In the 1950s retired lawyer and Republican candidate for governor Elvy Edison Callaway opened his Garden of Eden Park along the highway in the Florida Panhandle town of Bristol. Callaway believed that God had created man in the delta of the Apalachicola river, which split into four rivers, just as the Bible describes four rivers leading out of Eden.
The area was also the habitat of a rare tree known as the “Torreya yew,” (Torreya taxifolia) an unusual evergreen which can grow up to sixty feet tall, and earned the nickname “stinking yew” for the strong smell of its fruit when crushed. Callaway believed the Torreya was the “gopher wood” that the Bible says Noah used to build his Ark.

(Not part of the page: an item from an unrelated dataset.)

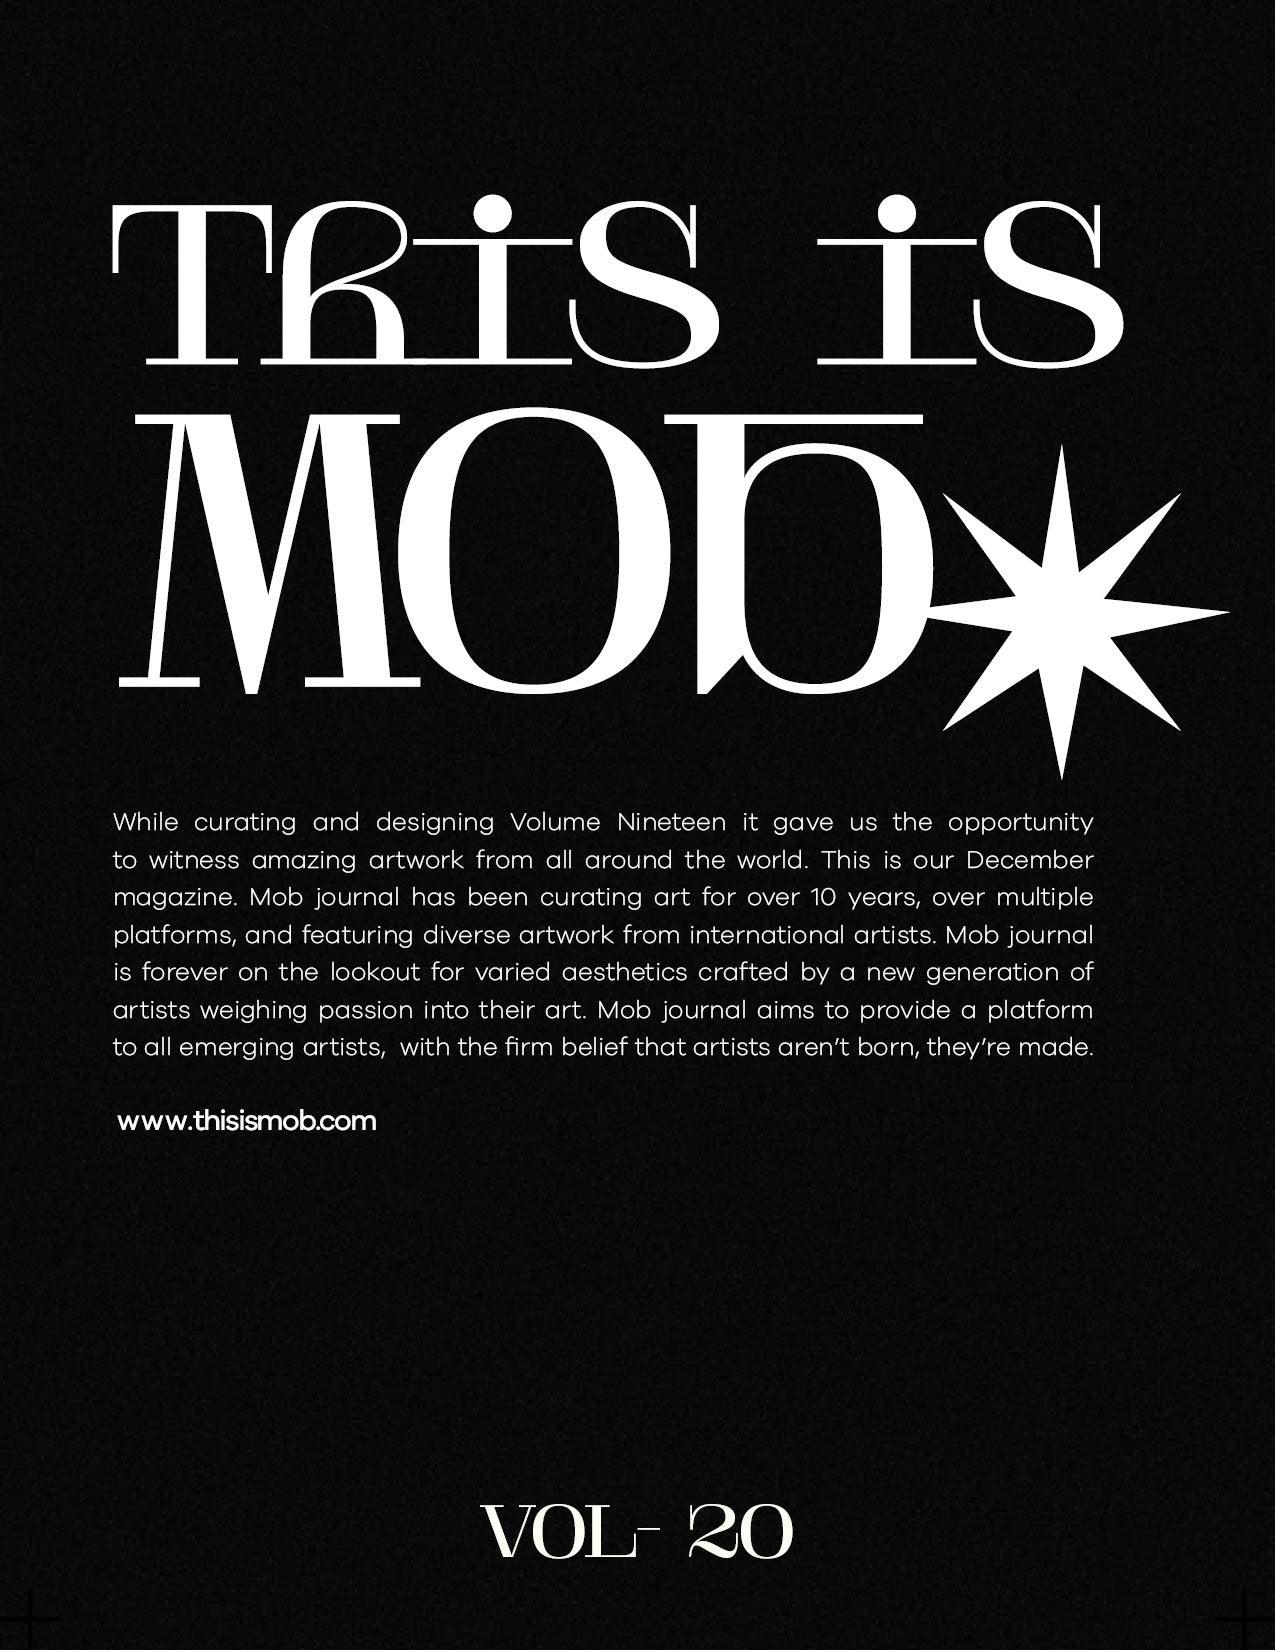 MOB JOURNAL | VOLUME TWENTY | ISSUE #17 - Mob Journal

In his roadside kiosk, he displayed a Torreya log which he said was a remnant of the Ark. Visitors could pay $1.10 for admission into a wild unspoiled land of dramatic cliffs, rivers, and wildlife, and all proceeds from his “non-profit shrine” were to go to a local Florida retirement home. When Barry Goldwater lost his campaign bid, Callaway offered him a retirement home in Eden.
Having left his hardline Alabama church as a youth and become an advocate for social and economic progress in the American south, Callaway eschewed the usual Biblical literalism for his own idiosyncratic ideas. His Eden was a contrarian, libertarian vision of perfect freedom, in which “Mother Eve” made the brave choice to eat the fruit so that humanity too could progress out of the garden; the trade of immortality for knowledge was a good one, in his estimation.
Indeed, he peppered his 1971 book “In the Beginning” with references from geologists, numerologists, preachers, and other experts in various fields. Today Callaway’s kiosk is long gone, but you can still hike the “Garden of Eden Trail” in the nearby Apalachicola Bluffs and Ravines Preserve, run by the Nature Conservancy.